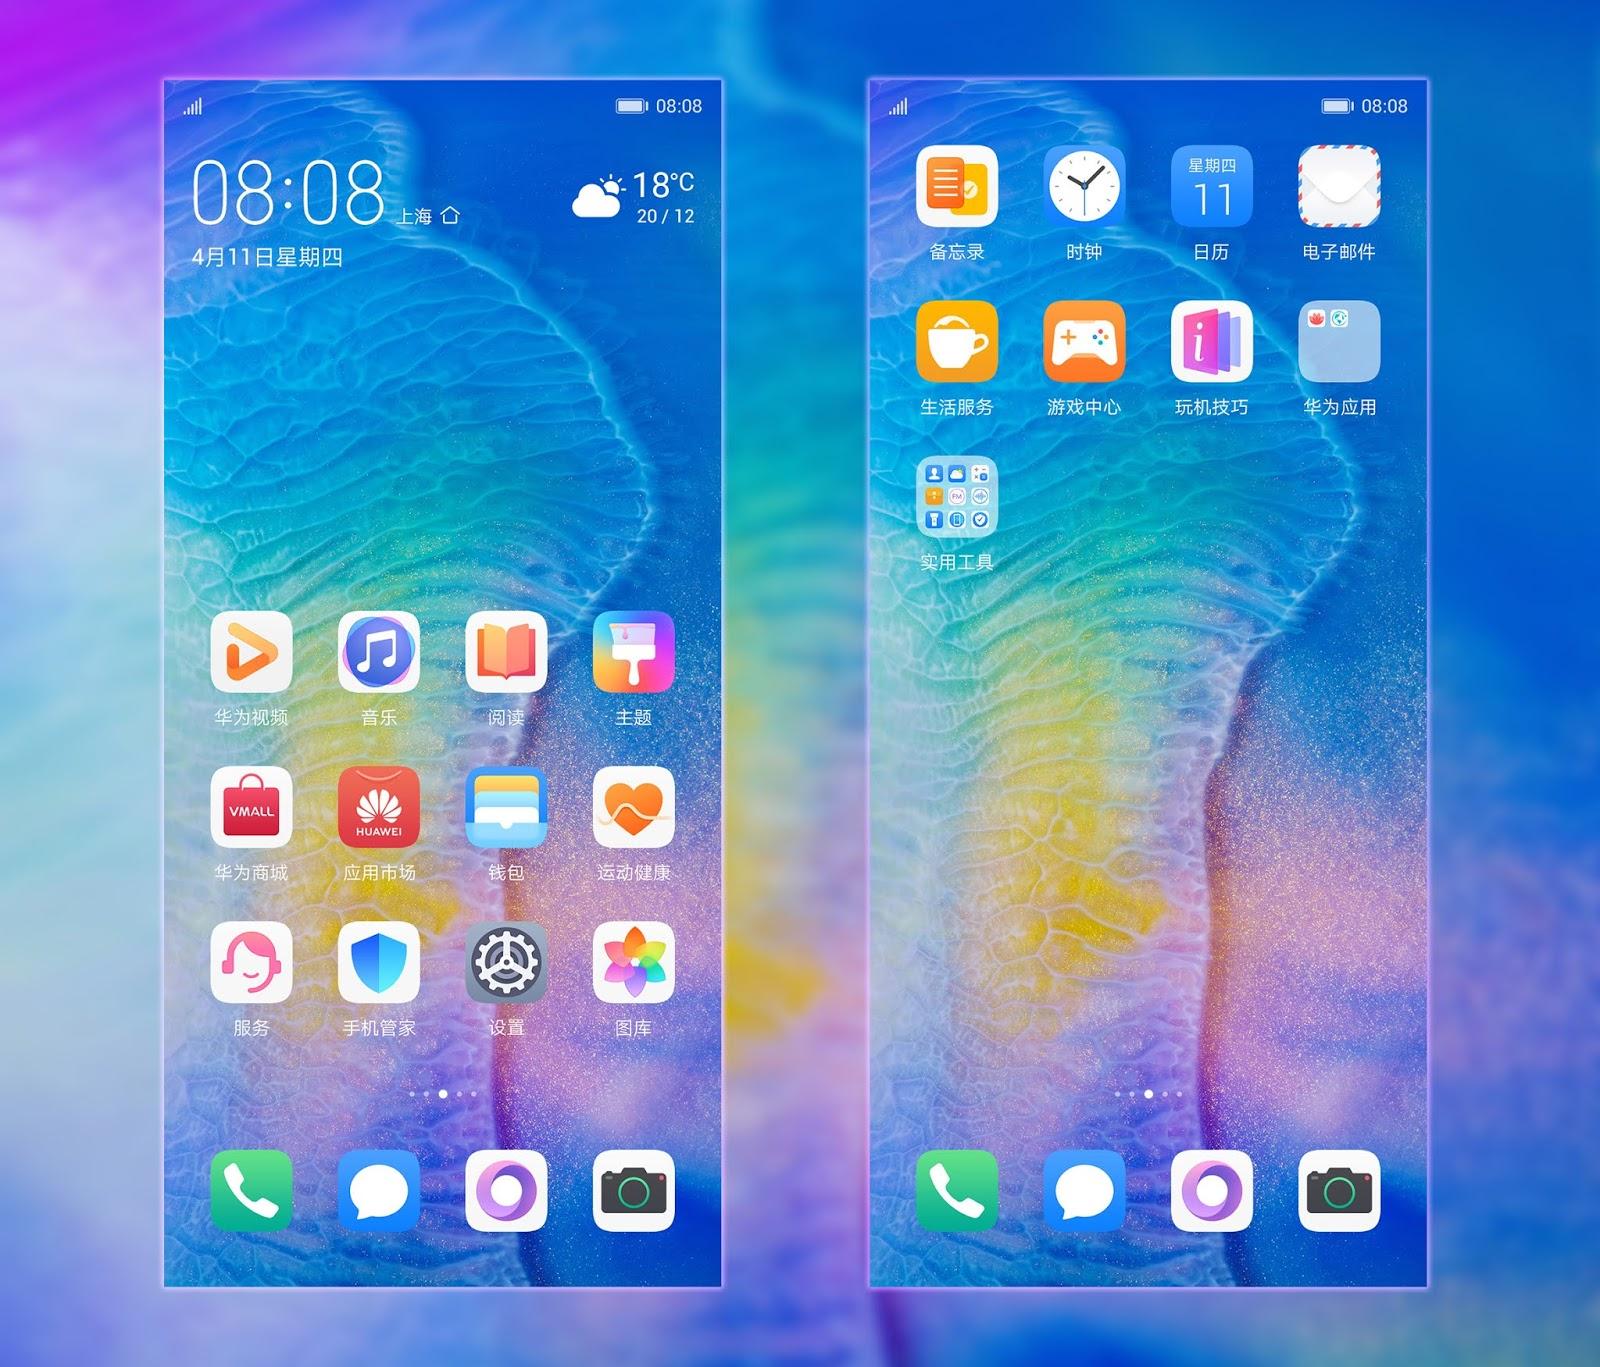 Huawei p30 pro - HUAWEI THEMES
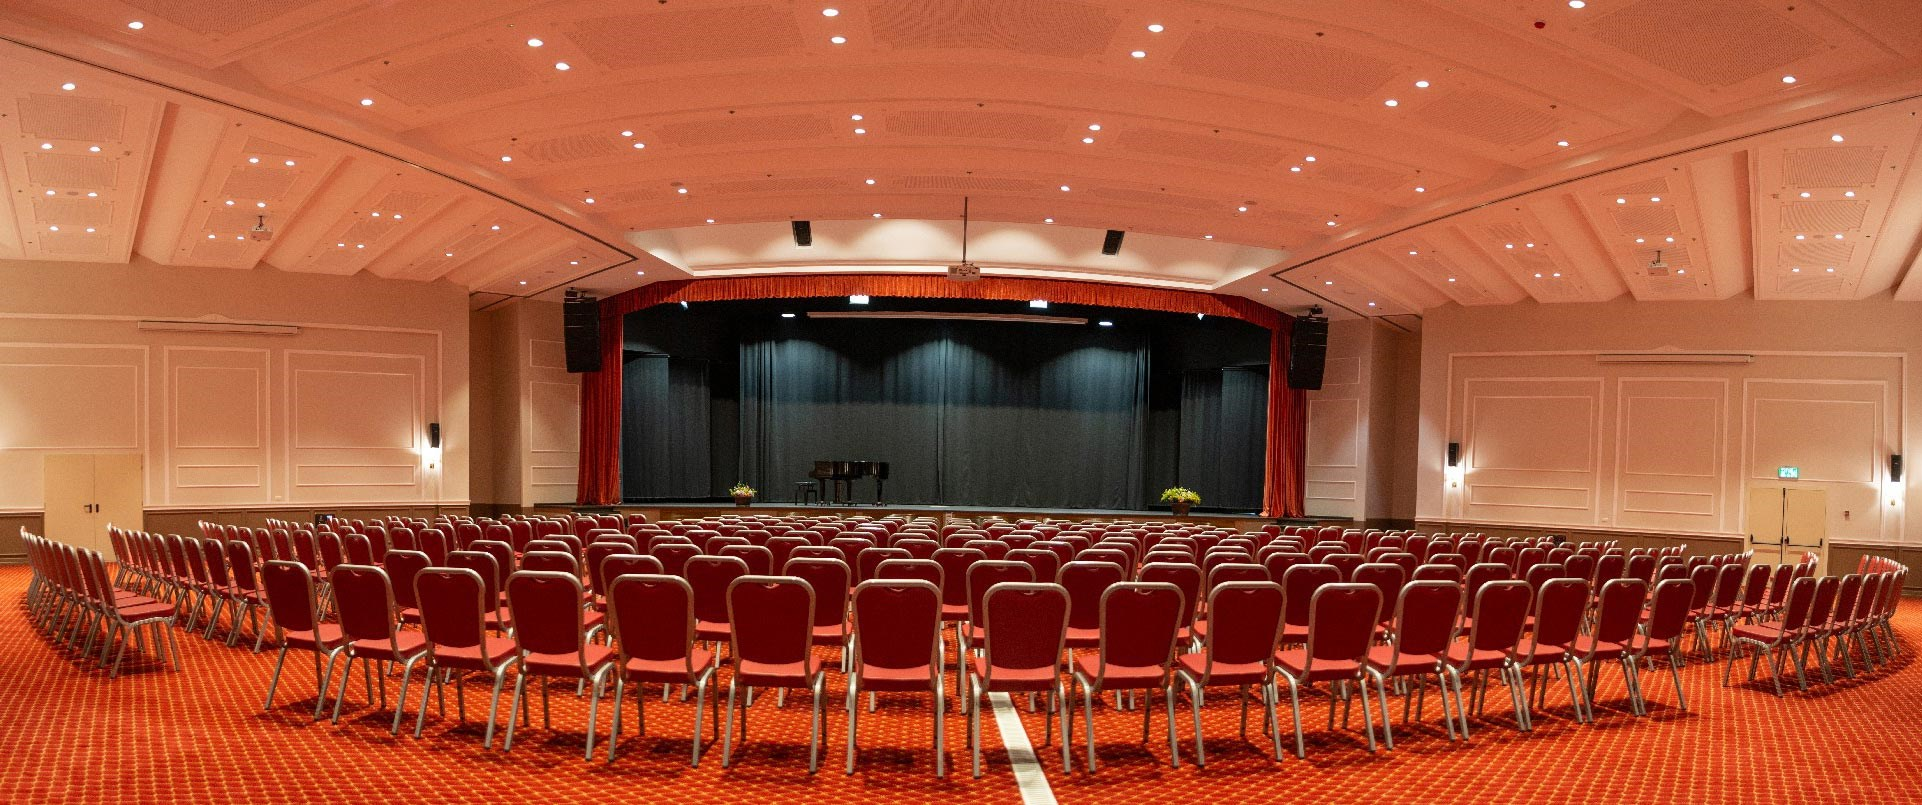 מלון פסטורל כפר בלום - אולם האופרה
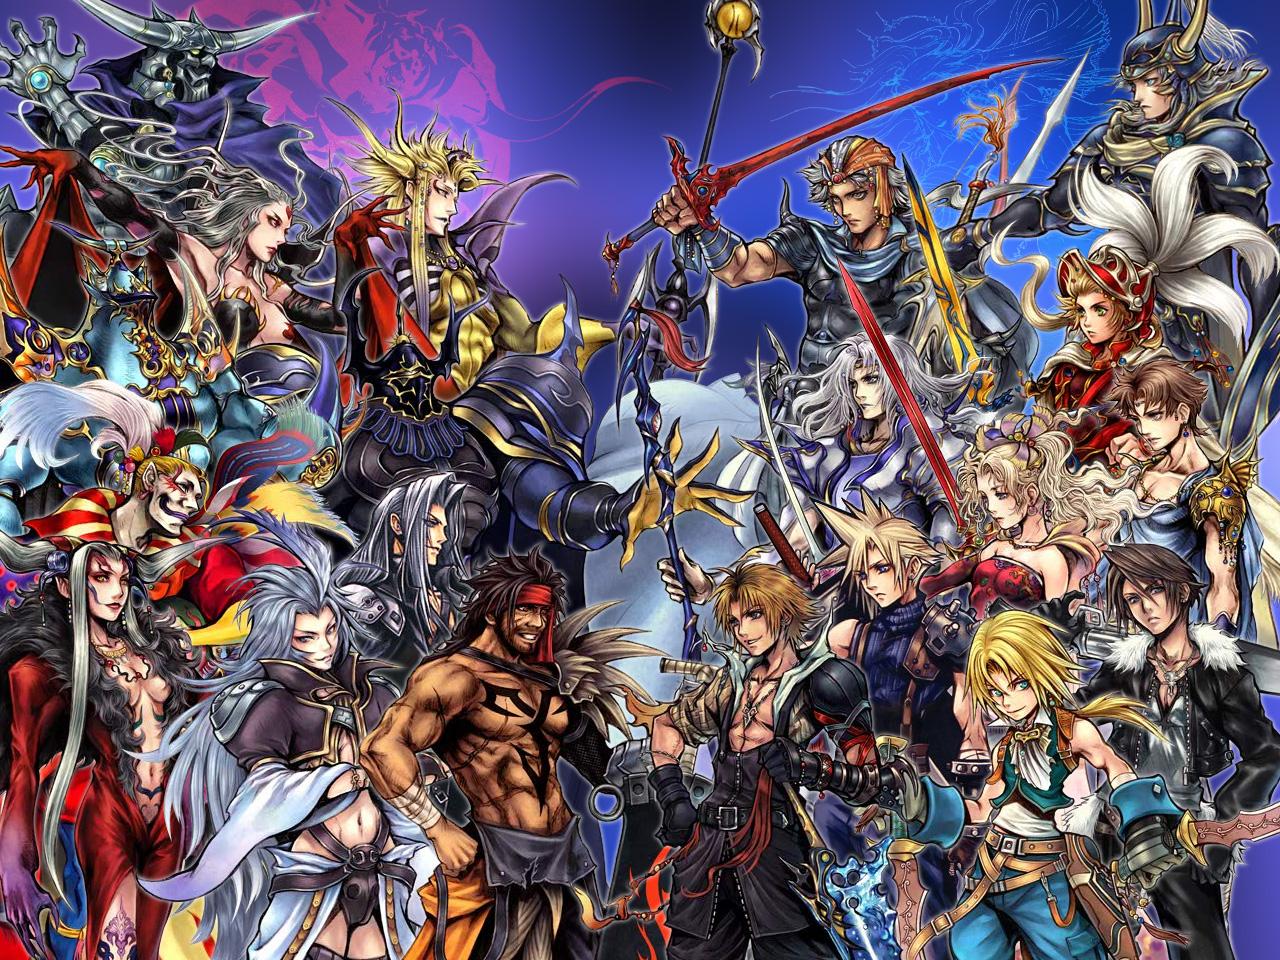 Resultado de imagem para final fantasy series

Directions – An exact repeat of the listing above, pictures excluded, is the answer.

Exercise answer –
 Huawei p30 pro - HUAWEI THEMES
 מלון פסטורל כפר בלום - אולם האופרה
 Resultado de imagem para final fantasy series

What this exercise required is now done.